1. What are the phases of the business cycle?
Ans. The phases of the business cycle are peak, contraction, trough, and expansion. During the peak phase, the economy is at its highest point of economic activity. The contraction phase follows, characterized by a decline in economic activity. The trough phase marks the lowest point of the cycle, and the expansion phase follows, indicating a recovery and growth in economic activity.
2. Can you explain the peak phase of the business cycle?
Ans. The peak phase of the business cycle is the highest point of economic activity. It is characterized by high levels of production, employment, and consumer spending. During this phase, businesses are usually operating at full capacity, and inflationary pressures may start to build up. The peak phase is often followed by a contraction phase, where economic activity begins to decline.
3. What happens during the contraction phase of the business cycle?
Ans. The contraction phase of the business cycle is characterized by a decline in economic activity. During this phase, businesses may experience a decrease in production levels, leading to layoffs and higher unemployment rates. Consumer spending tends to decrease, and there may be a decrease in investment as well. The contraction phase can be caused by various factors, such as a decrease in consumer confidence or tightening monetary policies.
4. Can you provide an example of a business cycle?
Ans. One example of a business cycle is the Global Economic Crisis of 2008-2009. It started with the bursting of the housing bubble in the United States, leading to a financial crisis and a global recession. During the peak phase, there was excessive lending and speculation in the housing market. However, as the housing market collapsed, it triggered a contraction phase, with widespread bank failures, job losses, and a decline in economic activity.

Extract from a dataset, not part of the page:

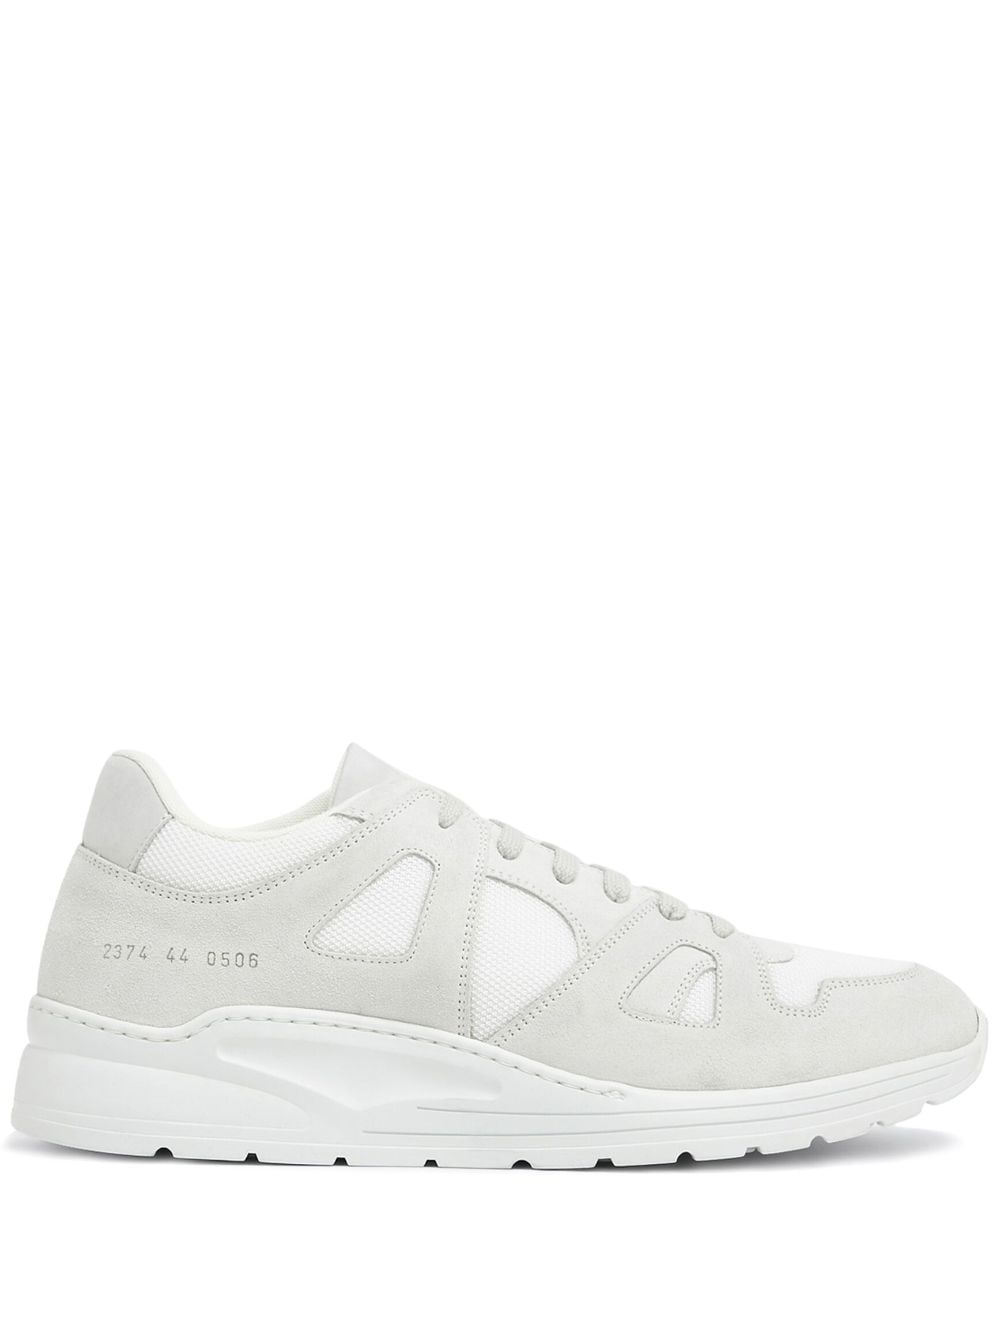 COMMON PROJECTS CROSS TRAINER PANELLED SNEAKERS

Eventually, governments and central banks implemented various measures to stimulate the economy and promote recovery.
5. How do business cycles impact individuals and businesses?
Ans. Business cycles can have significant impacts on individuals and businesses. During expansion phases, individuals may experience higher employment rates, increased income, and improved business conditions. However, during contraction phases, individuals may face job losses, decreased income, and financial hardships. Businesses may also struggle during contraction phases, facing reduced demand, lower profits, and potential closures. Understanding business cycles can help individuals and businesses better prepare and adapt to economic fluctuations.